Be it enacted by the People of the State of Illinois,
represented in the General Assembly:
Section 1. Short title. This Act may be cited as the
Juvenile Drug Court Treatment Act.
Section 5. Purposes. The General Assembly recognizes that
the use and abuse of drugs has a dramatic effect on the
juvenile justice system in the State of Illinois. There is a
critical need for a juvenile justice system program that will
reduce the incidence of drug use, drug addiction, and crimes
committed as a result of drug use and drug addiction. It is
the intent of the General Assembly to create specialized drug
courts with the necessary flexibility to meet the drug
problems in the State of Illinois.
Section 10. Definitions. As used in this Act:
"Drug court", "drug court program", or "program" means an
immediate and highly structured judicial intervention process
for substance abuse treatment of eligible minors that
brings together substance abuse professionals, local social
programs, and intensive judicial monitoring in accordance
with the nationally recommended 10 key components of drug
courts.
"Drug court professional" means a judge, prosecutor,
defense attorney, probation officer, or treatment provider
involved with the drug court program.
"Pre-adjudicatory drug court program" means a program
that allows the minor, with the consent of the
prosecution, to expedite the minor's delinquency case and
requires successful completion of the drug court program
as part of the agreement.
"Post-adjudicatory drug court program" means a program in
which the minor has admitted guilt or has been found
guilty and agrees, along with the prosecution, to enter a
drug court program as part of the minor's disposition.
"Combination drug court program" means a drug court
program that includes a pre-adjudicatory drug court program
and a post-adjudicatory drug court program.
Section 15. Authorization. The Chief Judge of each
judicial circuit may establish a drug court program for
minors including the format under which it operates under
this Act.
Section 20. Eligibility.
(a) A minor may be admitted into a drug court
program only upon the agreement of the prosecutor and the
minor and with the approval of the court.

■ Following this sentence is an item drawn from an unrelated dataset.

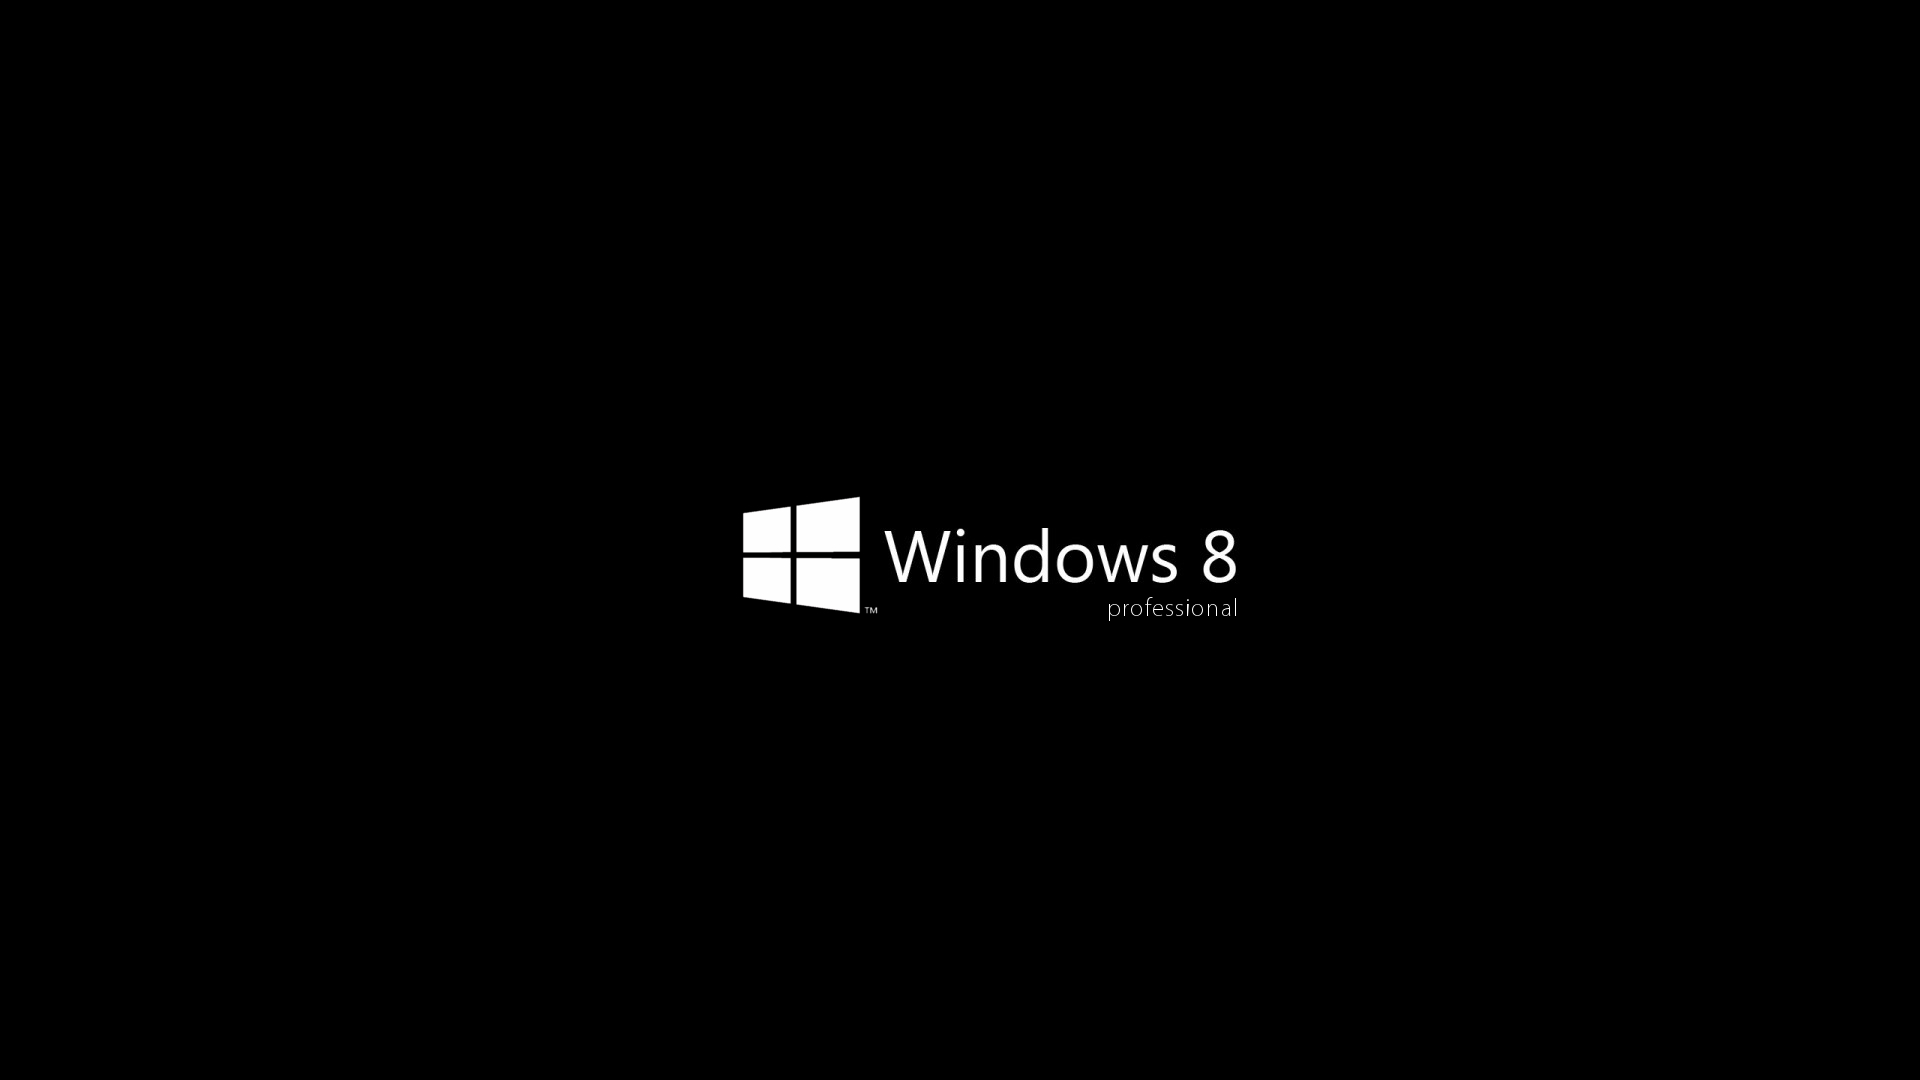 Windows 8 Black Wallpaper   Wallpaper High Definition High Quality 1920x1080

(b) A minor shall be excluded from a drug court
program if any of one of the following apply:
(1) The crime is a crime of violence as set forth in
clause (4) of this subsection (b).
(2) The minor denies his or her use of or
addiction to drugs.
(3) The minor does not demonstrate a
willingness to participate in a treatment program.
(4) The minor has been adjudicated delinquent for
a crime of violence within the past 10 years excluding
incarceration time, including but not limited to: first
degree murder, second degree murder, predatory
criminal sexual assault of a child, criminal sexual
assault, armed robbery, aggravated arson, arson,
aggravated kidnapping, kidnapping, aggravated
battery resulting in great bodily harm or permanent
disability, stalking, aggravated stalking, or any
offense involving the discharge of a firearm.
Section 25. Procedure.
(a) The court shall order an eligibility screening and
an assessment of the minor by an agent designated by the
State of Illinois to provide assessment services for the
Illinois Courts. An assessment need not be ordered if the
court finds a valid assessment related to the present charge
pending against the minor has been completed within the
previous 60 days.
(b) The judge shall inform the minor that if the
minor fails to meet the conditions of the drug court
program, eligibility to participate in the program may be
revoked and the minor may be sentenced or the prosecution
continued as provided in the Juvenile Court Act of 1987 for
the crime charged.
(c) The minor shall execute a written agreement as to
his or her participation in the program and shall agree to
all of the terms and conditions of the program, including but
not limited to the possibility of sanctions or incarceration
for failing to abide or comply with the terms of the program.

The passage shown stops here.